CISC 472 - RANSAC

When fitting a model to a set of observations, there are often outlier observations that should not be used in the fitting.

For example, when computing the least squares fit of a sphere to points, such as with pivot calibration for a tracked stylus, the points are the observations and the sphere is the model. But some of the points may be outliers, such as points that are collected before the stylus is placed at its pivot point, or after the stylus is removed.

RANSAC is an algorithm to fit a model to observations in the presence of outliers. "RANSAC" means "RANndom SAmple Consensus".

RANSAC operates as follows:

Choose randomly a small set of the observations — just enough observations that the model can fit exactly — and fit the model to those observations.
Find which observations (from the complete set of observations) are consistent with the model. These are the "inliers".
If there are not enough inliers, go back to Step 1.
Finally, fit the model to the inliers from Step 3.

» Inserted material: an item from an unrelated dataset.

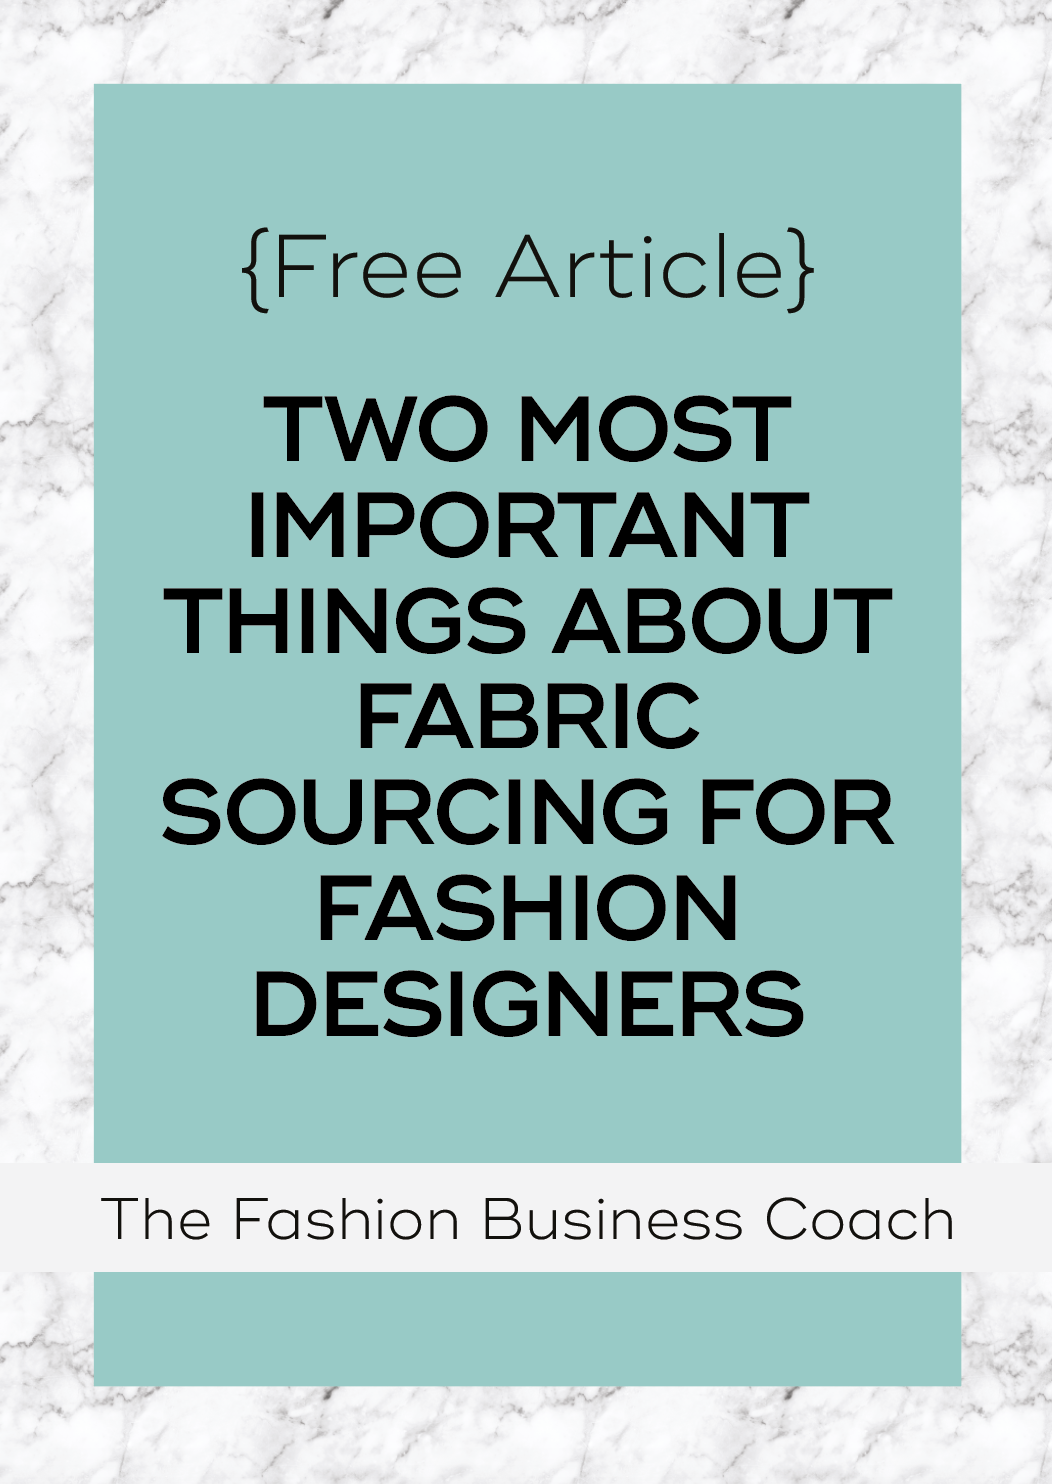 Fabric Sourcing for Fashion Brands 9.png

Usually, Steps 1-to-3 are iterated through at most a certain number of times and the largest set of inliers ever found in Step 2 is kept from iteration to iteration. If nothing satisfactory is found, this largest set of inliers is used in Step 4.

Example with line fitting

Problem: fit a line to $n$ points, $p_1, \; p_2, \ldots, p_n$ in 2D. We are happy once 90% of the points are within distance 0.01 of the line.

Note that the 90% and the 0.01 threshold must be chosen with some knowledge of many outliers are expected, and how well you expect the model to fit the points.

RANSAC does this:

Randomly choose two points, $(x_1,y_1)$ and $(x_2,y_2)$, from the $n$ points. Two points are chosen because this is the minimum number of points to define a line.
Fit a line to the points. The line is $n \cdot (x,y) - d = 0$ where
$n = { \large (y_2-y_1, x_1-x_2) \over \large | (y_2-y_1, x_1-x_2) |}$
and
$d = n \cdot (x_1,y_1)$.
Find the "inlier" points that are within distance 0.01 of the above line. Point $p_i$ is an inlier if
$| n \cdot p_i - d | \leq 0.01$
If the number of inlier points is less than $0.9 \; n$, go back to Step 1.
Finally, use least squares fit of a plane to points to find the best-fit line to the inliers from Step 3.